Friday, November 2, 2012

The Growing Irrelevancy of the Jewish Left

Mike L.

{Cross-Posted at Israel Thrives and Geoffff's Joint, Bar and Grill.}

The Jewish left is becoming more and more irrelevant in regards the Arab-Israel conflict.

The reason for this is because the Jewish left's prescription for ending the conflict is grounded in the failed idea of a negotiated agreement between the Israelis and the Palestinians.  This, of course, was the basis of the Oslo Accords.  The idea, quite simply, was that the Palestinians want and deserve a state of their own in peace next to Israel and therefore Israel needed to make "painful concessions," such as dividing the city of Jerusalem, in order to get a negotiated end of hostilities.
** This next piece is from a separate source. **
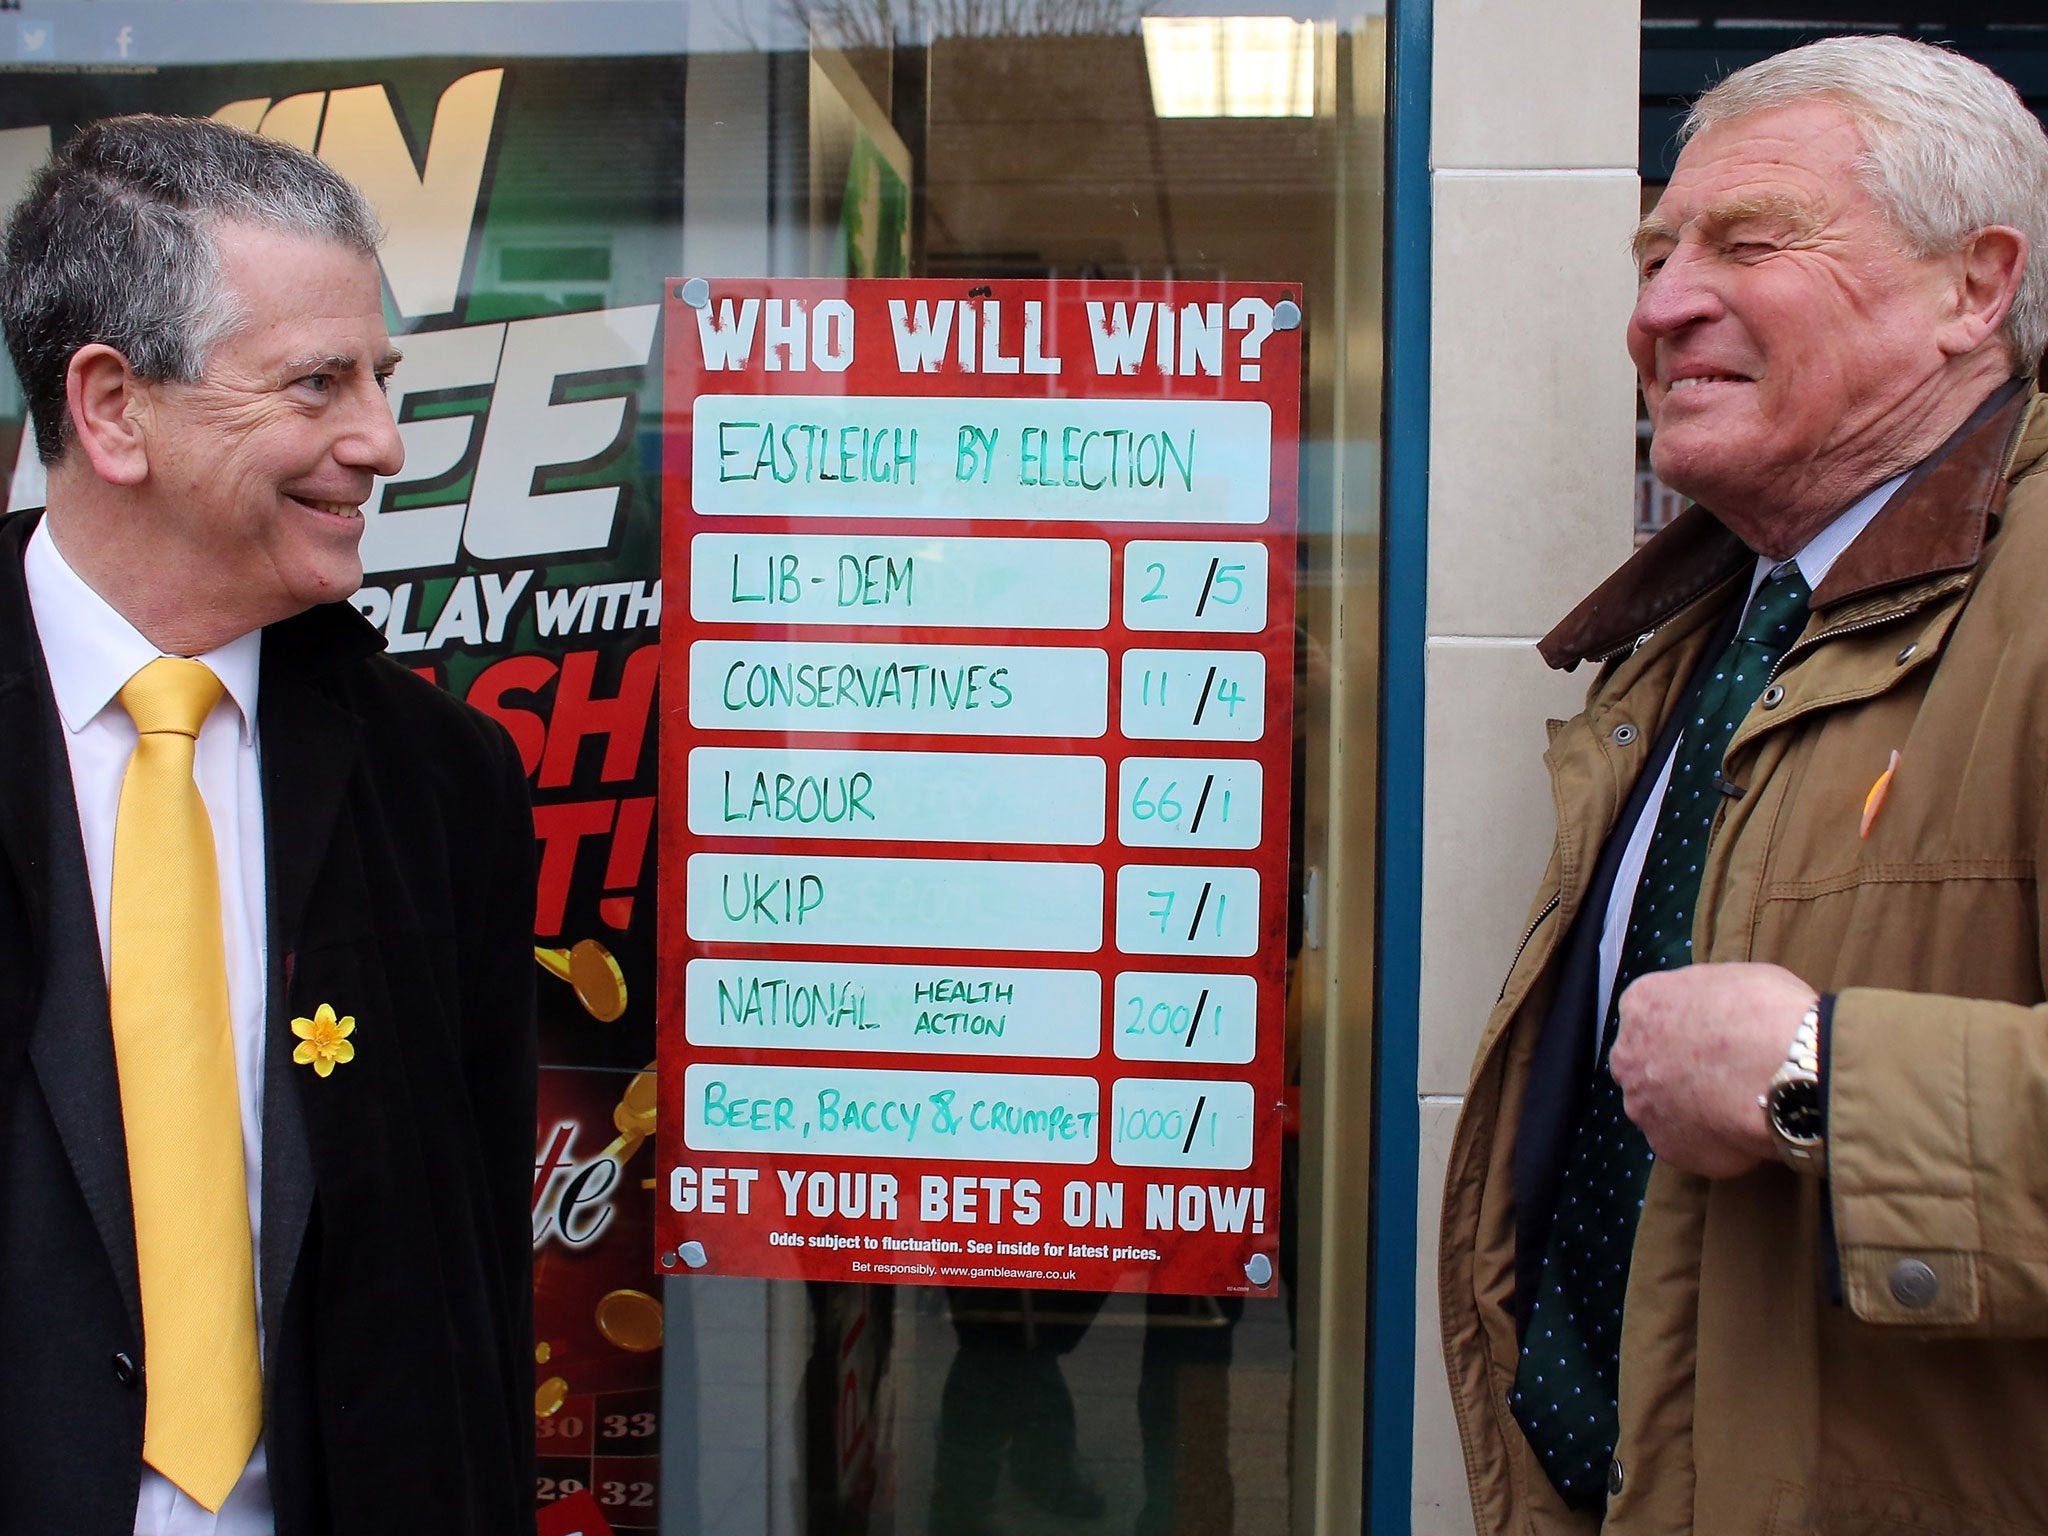 Former Liberal Democrat leader Lord Paddy Ashdown (R) stands beside a bookmakers' odds for the election as he campaigns with Liberal Democrat candidate Mike Thornton (L) for the forthcoming by-election on February 26, 2013 in Eastleigh, England.

Throughout the Clinton era there was considerable optimism on the Jewish left that an agreement could be reached because a negotiated conclusion of hostilities in a two-state solution is rational.  For the best benefit of ourselves and our children we will compromise.  For the best benefit of themselves and their children the Palestinians will compromise.  And then there will be something resembling peace.

The only problem, of course, is that the Palestinians, and the Arab world, more generally, has clearly demonstrated that they have no intention of ending the long Arab war against the Jews in the Middle East and why should they?  The Arab-Muslim world has the Jews outnumbered by a factor of 50 or 60 to 1.  They can fight on for many more decades and it will hardly leave a scratch in their broader population.  They can make life exceedingly uncomfortable for the Jews of the Middle East, as the residents of S'derot and Ashkelon know all too well, and the world will support them in their efforts.

This is why the Jewish left no longer has anything helpful to say on the matter.  The left's entire prescription is grounded in the false notion that Israelis are primarily at fault for the conflict and that if only Israel would ethnically cleanse Judea and Samaria of Jews then the Palestinians would finally agree to a state for themselves in peace next to Israel.  But does anyone, at this late date, actually believe that this is what the Palestinians want?  Despite refusing offer after offer after offer for statehood, how can anyone believe that what they want is what they perpetually refuse?

It defies all reason and rationality.

The Jewish left's lone, sole idea on the matter is the two-state solution based on a negotiated settlement.  This idea has proven itself bankrupt, but the Jewish left has absolutely nothing else to offer, yet they refuse to acknowledge the obvious.  Because they cannot admit to themselves that the Palestinians will not accept a negotiated settlement, they continue to hold the rest of us hostage to their hopeful and well-meaning delusions.  They continue to blame the "settlers" (i.e., Jews who live where neither Barack Obama nor Mahmoud Abbas want them to live) for the Arab and Palestinian intransigence and brutal anti-Jewish hostility.

The Jewish left can only do this, however, by refusing to face reality.  The Jewish left cannot face the fact that their solution has failed.  Oslo is over.  It's done.  And therefore it is time to move on and start thinking in fresh ways about the conflict.  That's the entire purpose of Israel Thrives.  Rejecting the left does not necessarily mean embracing the right, although it does suggest a willingness to listen to the right.

Speaking strictly for myself, I oppose the right's notion that the thing to do is annex Judea and Samaria because to do so would mean either potentially giving up Israel as a Jewish state or giving Israel up as a democratic state.  Thus the solution that makes the most sense is for Israel to declare its final borders and remove the IDF behind those borders, leaving a substantial portion of what Jordan dubbed "the West Bank" for a Palestinian state.

Let us take matters directly into Jewish hands.

This will not end the conflict, of course, because Arab-Muslim hostility toward Jews is encoded in the DNA of Islam and the very idea of Jewish sovereignty on any land that was at any time part of the Umma is anathema to Arabs.  But it will maintain Israel as both Jewish and democratic.

And that is the best we can hope for, I'm afraid.